Activity
Write out the data exactly, please, and omit the pictures.
::: Input data :::
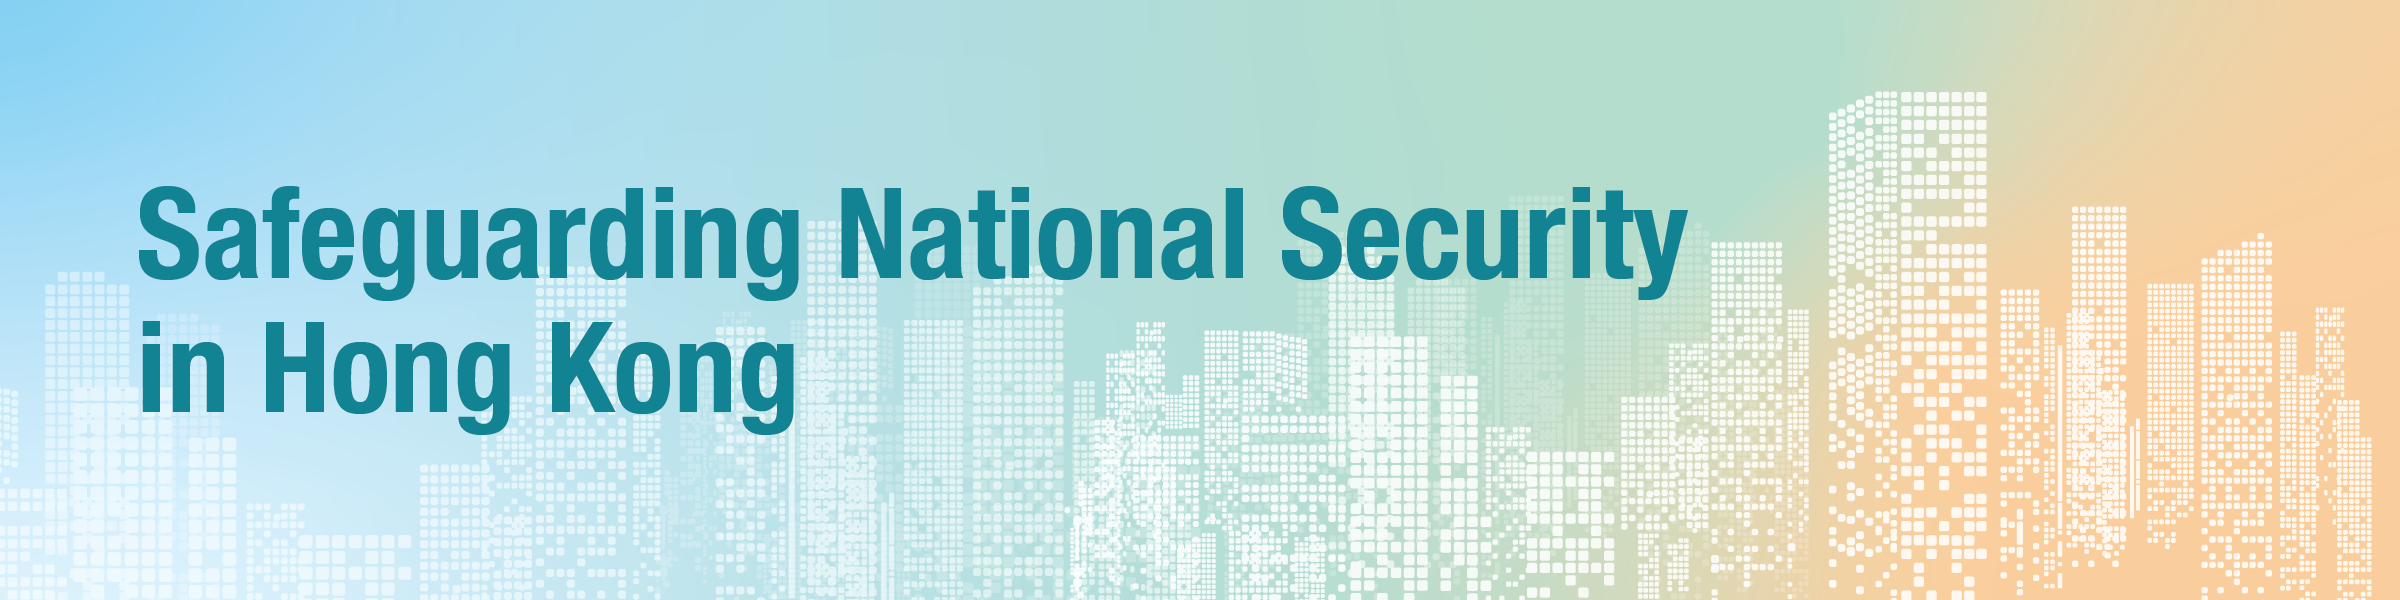 Safeguarding National Security in Hong Kong - Home
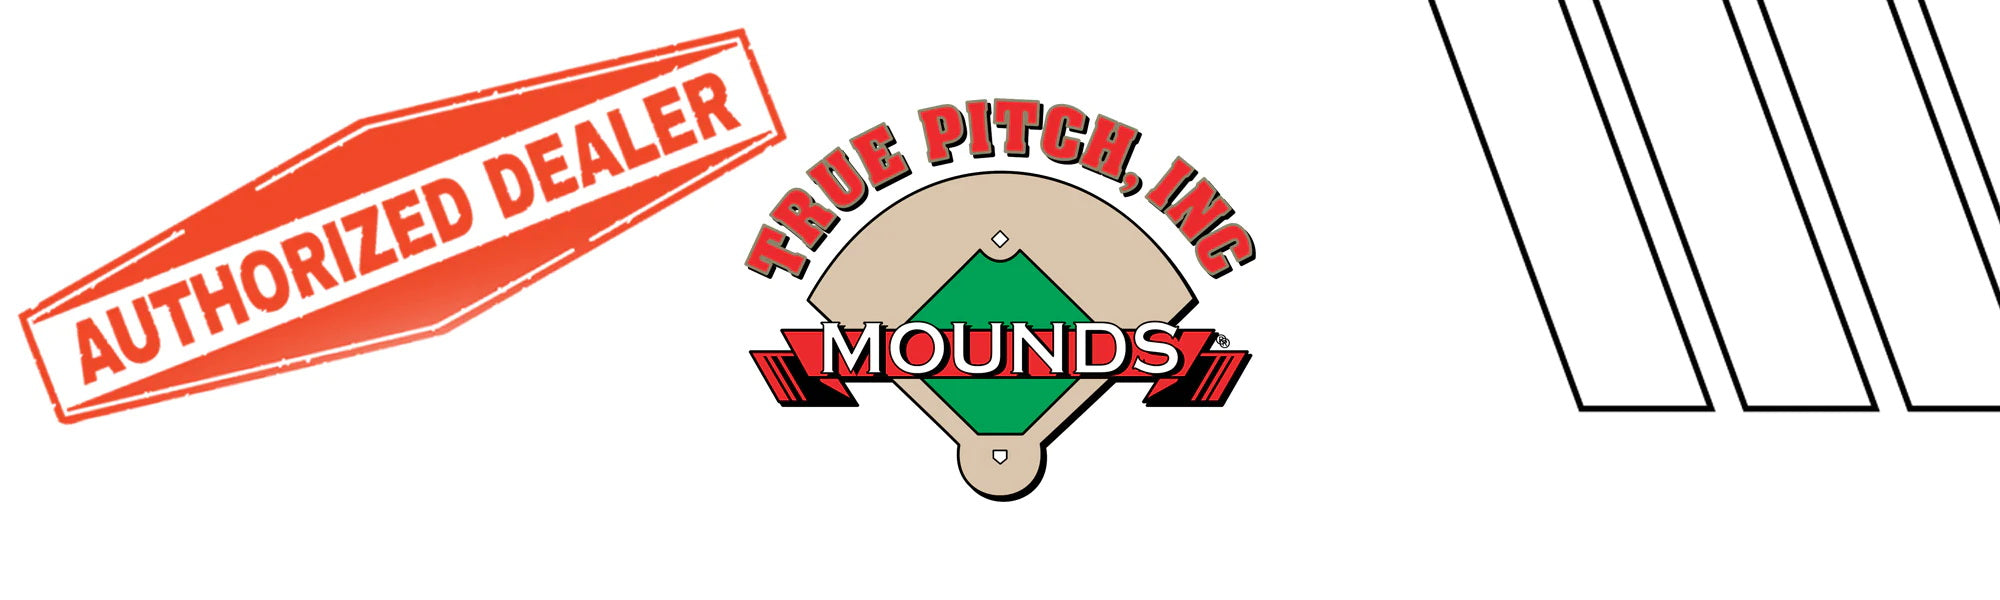 True Pitch Mounds
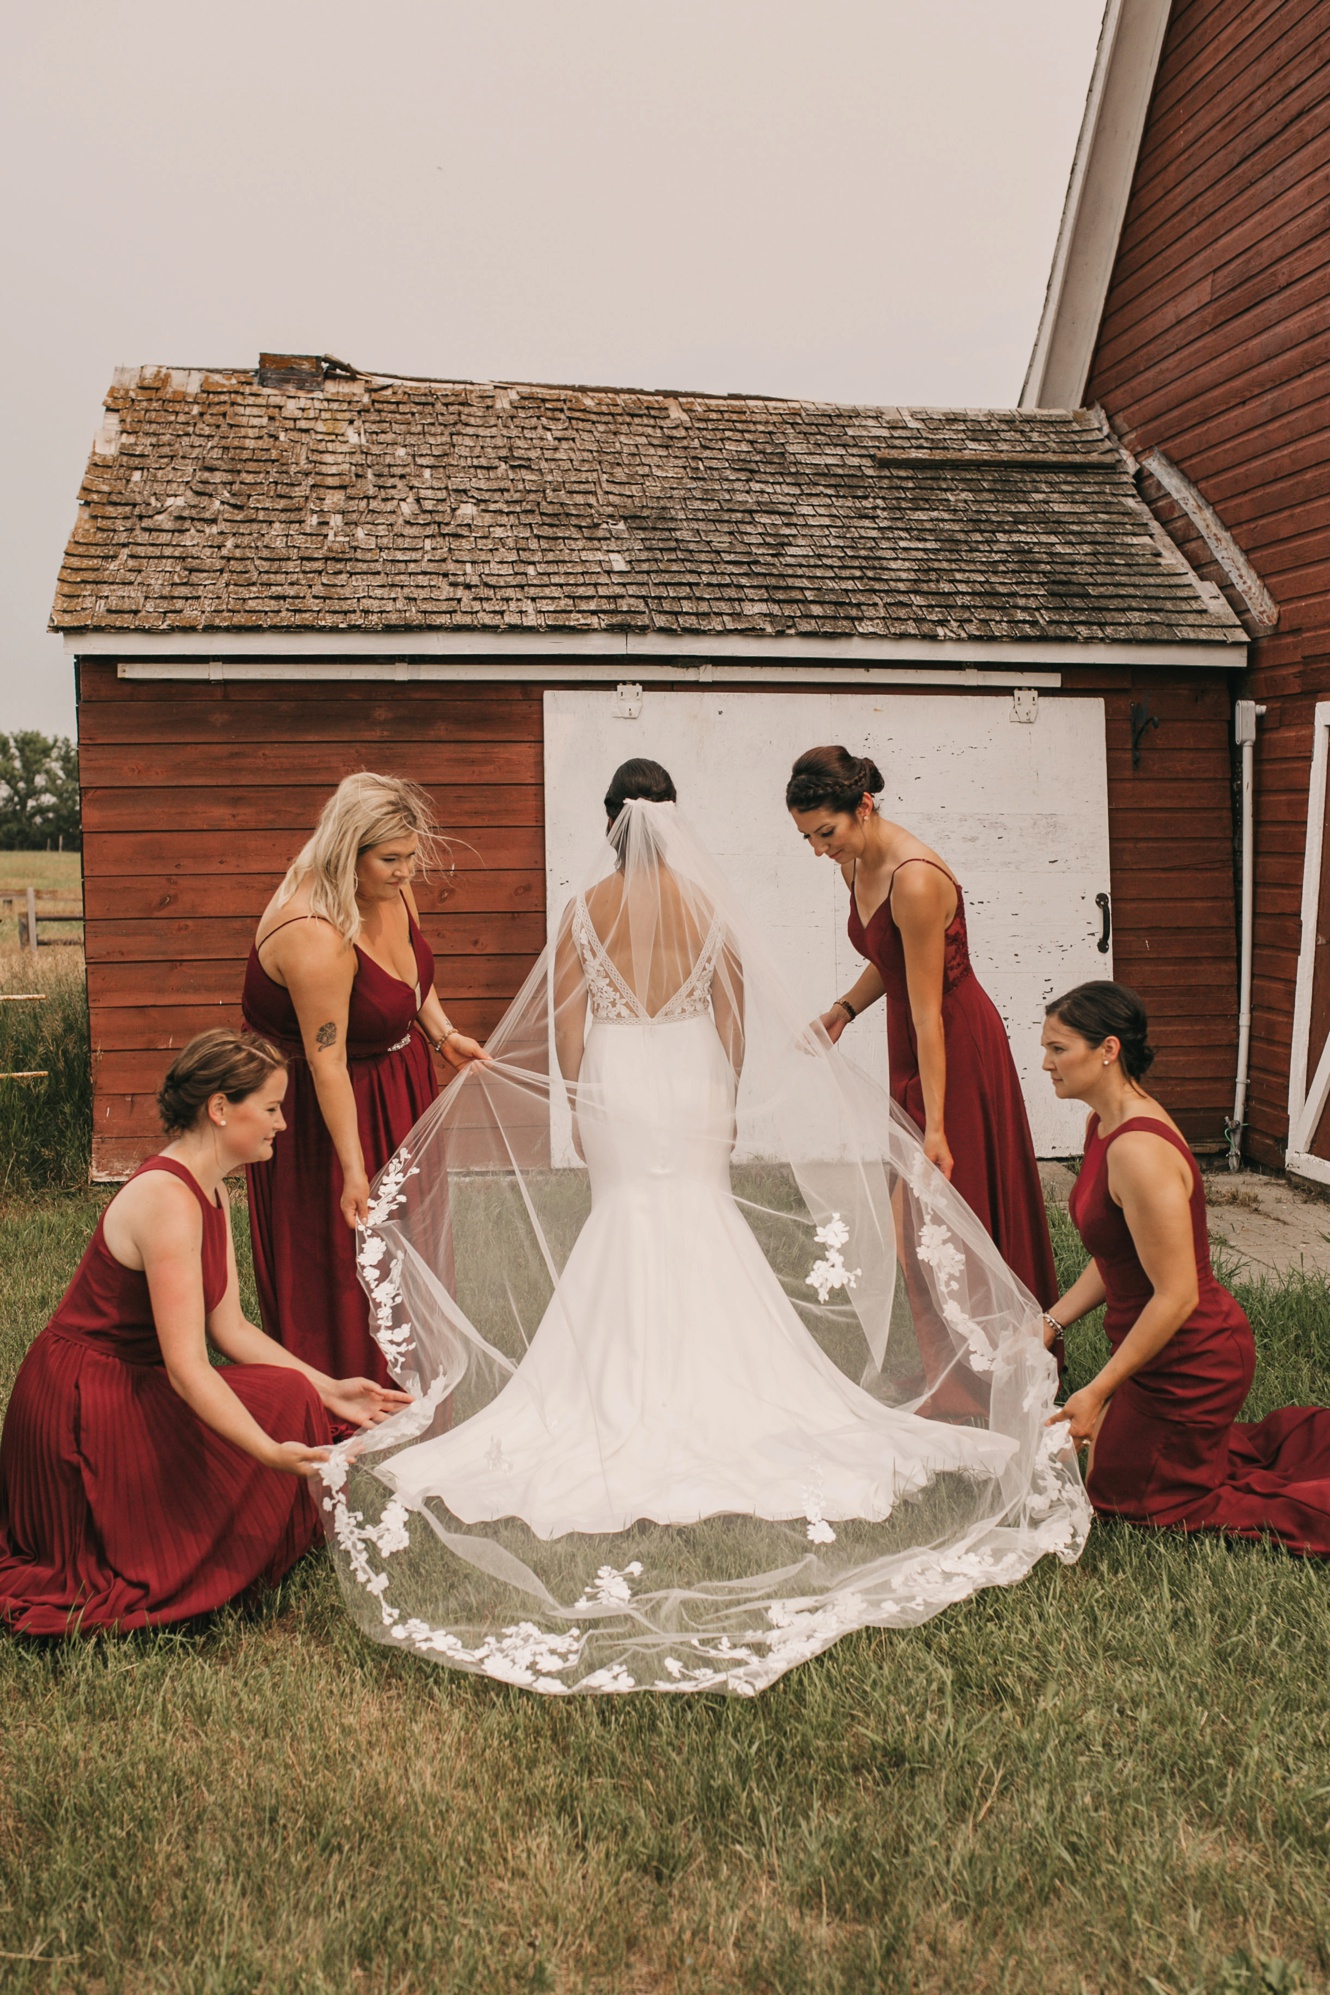 Photo of bridesmaids fixing brides veil
:::
Output of the exercise
 Safeguarding National Security in Hong Kong - Home
 True Pitch Mounds
 Photo of bridesmaids fixing brides veil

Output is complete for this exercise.